日に日に弱る母を誰にも見られたくなく、お見舞いはすべて丁重にお断りさせてもらっていた。ところがある日、どうしてもお見舞いの品を届けたかった母の友人がナースステーションに来ていた。そうとは知らず、珍しく車椅子に母を乗せて院内を散歩していた私は廊下で鉢合わせしてしまった。母を見て言葉を失う友人。もうそこに以前の母の姿は無かった。それは娘の私からしても大変ショックな出来事になってしまった。なぜあの時廊下に出てしまったのかが相当悔やまれた。
そんな日々に心がすり減ってきていた頃、姉としゃべっていた私はどうしようもなく恐怖心に襲われ「もうどうしたらいいかわからない」と弱音を吐いた。すると思いがけない事が起きた。私の目をしっかりと見据え、はっきりした口調で姉はこう言ったのだ。
「あのね、今は辛くてしょうがなくても大丈夫。絶対に時間が解決してくれる」
一緒になって弱音を吐くのかと思いきや、そんな素振りは微塵も見せなかった。
私は久しぶりに声を上げてわーんと泣いた。まるで子供のように。
なんだかすごくほっとしたのだ。じきに人生で一番つらい出来事が起きる。それを認めたうえで、でも大丈夫と言われたのが何より心強かった。まるで圧がかかっていたポン菓子の機械が「ぱーーーーーーーんっ!!!!!」と弾け、中のものが一気に飛び散るように私の心を開放させてくれた一言だった。時間が解決する、とは使い古された言い回しだ。でもそれを最初にあれだけ泣いていた姉が言ってくれた事が大きかった。

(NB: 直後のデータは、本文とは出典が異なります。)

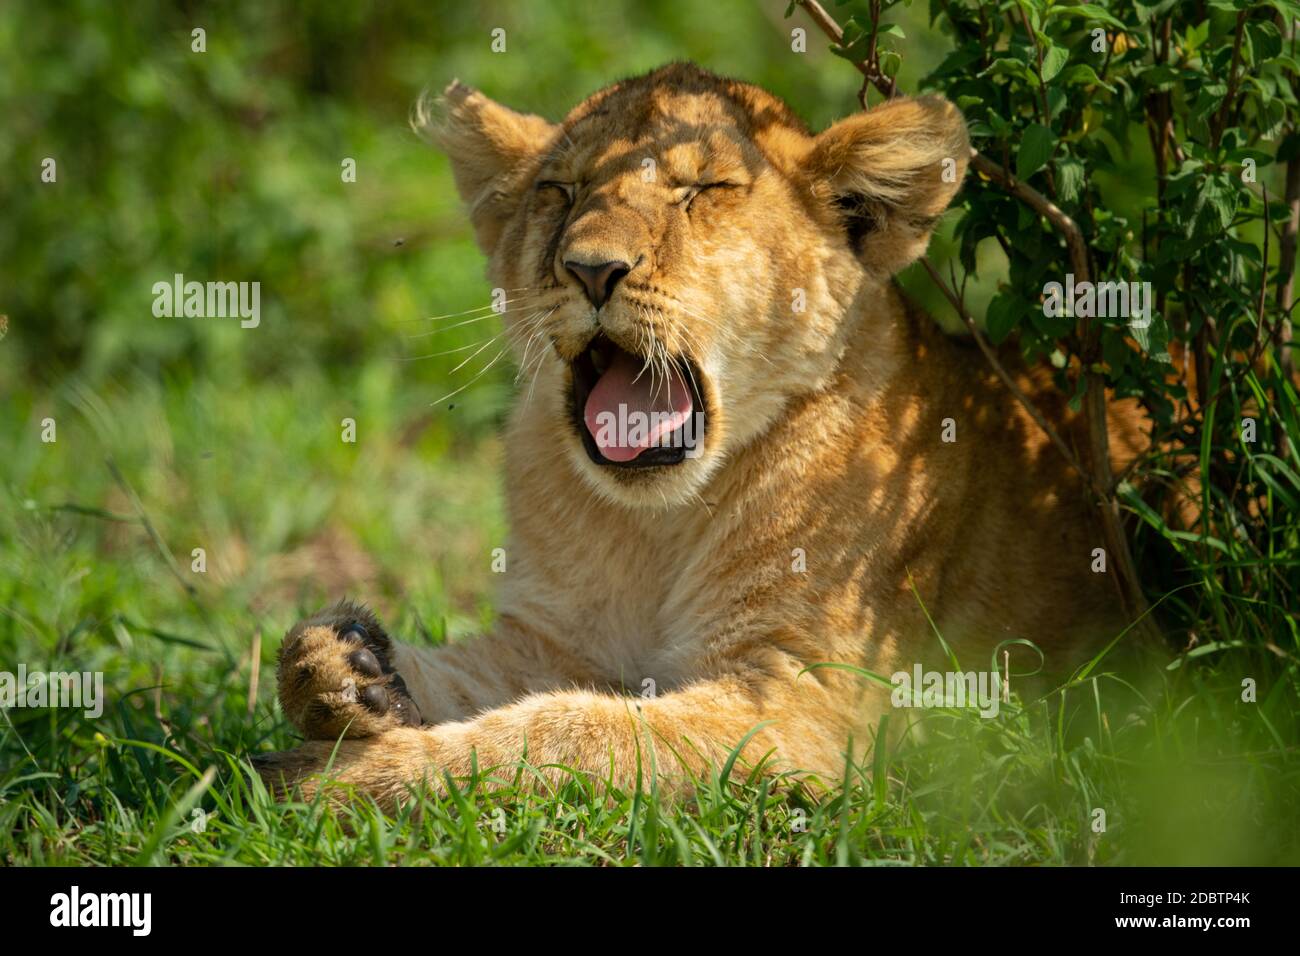 Close-up of lion cub yawning under bush Stock Photo
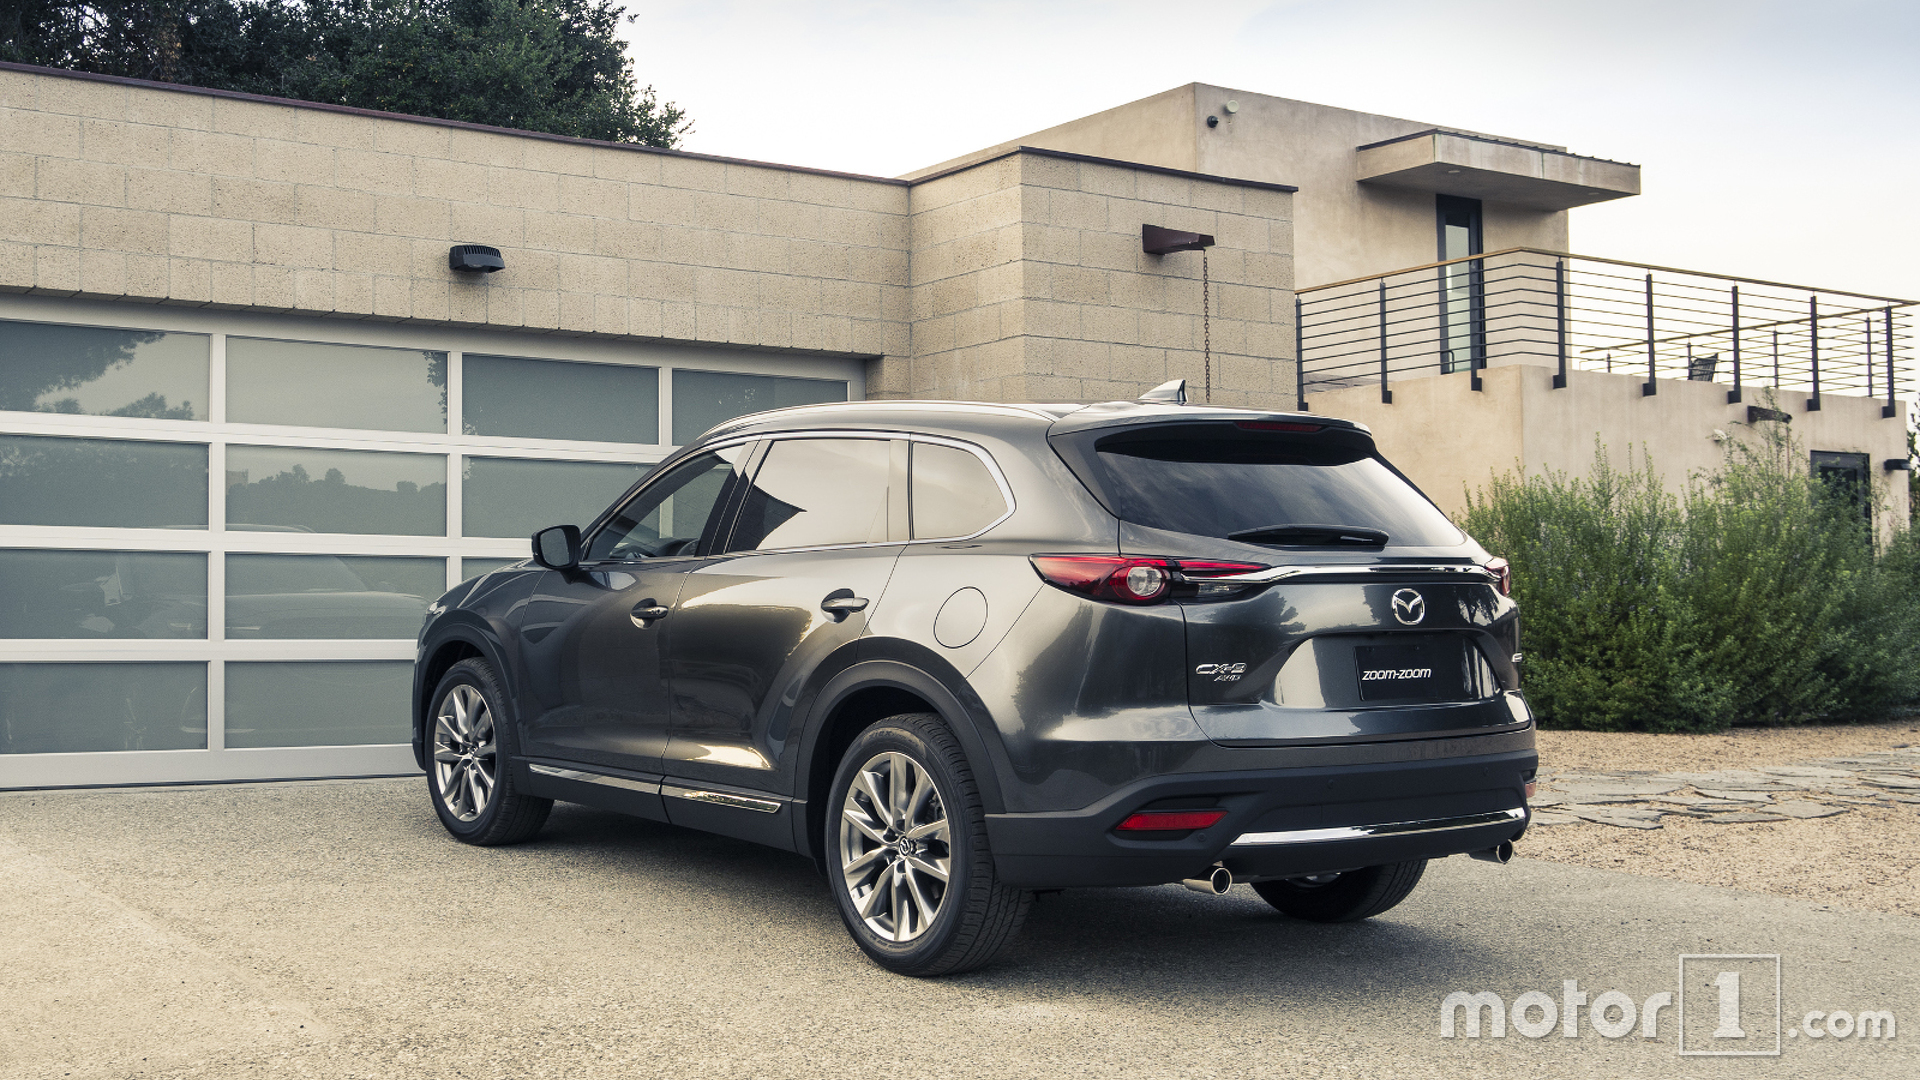 2016 Mazda CX-9 priced from $31,520 Mazda | Motor1.com

姉はいつの間にこんなに強くなっていたのだろう。きっと私が知らないところでたくさん泣き、そして受け入れたのだろう。今母のために何ができるかそれだけをただ考えているようだった。
医師の宣告通り、母はちょうど3か月後に私たち家族に見守られながら静かに息を引き取った。
もちろんすぐに立ち直れる訳もなく何度も泣いた。
母が着ていたパジャマに顔を埋め「お母さんの匂いがする」といって姉と笑っていたかと思えば急に涙が込み上げたし、たこ焼き屋さんで大き目のやつを頬張っていたらそれらしき別れの歌謡曲が流れてきてたこ焼きをのどに詰まらせながら泣いたし、母が入院していた病院の近くまで来るともうそれだけで泣けた。いつも不意打ちだ。
だけどそれでいいのだと、自分に言い聞かせた。立ち直るためにたくさん泣いた方がいい。もう我慢しなくていいのだ。
母が旅立って3年ほど経過すると不意打ちで泣くような出来事は随分と減ったが、誰かに母の事をしゃべる時はまだ胸がざわついた。だが、それも次第に減っていった。
あれから十数年が経ち、姉も私も今となっては二児の親だ。今は母を思い出して笑うことの方が多いかもしれない。
「お母さんってさ、結構自由人だったよね」
クリスマスの朝、枕元にカブを置いて「あらぁ夕飯はカブの煮物ね」と芝居を打ったり、
フルフェイスのヘルメットを被り息を潜めて部屋の隅に隠れて子供を驚かせたり……そんなイタズラばかり思い出したりする。姉が言う通り、しっかりと時間が解決してくれたみたいだ。
人との別れは悲しく、喪失感に胸が張り裂けそうになることもある。だけど、人はきっとそれを乗り越える力を持っている。姉を見ていて、自分が経験してみて感じたことだ。時間がかかってもいい、時には心を開放して子供のように泣いてもいい。そうやって大きな山を乗り越えた時、以前の自分よりは少しだけ強くなっている気がするのだ。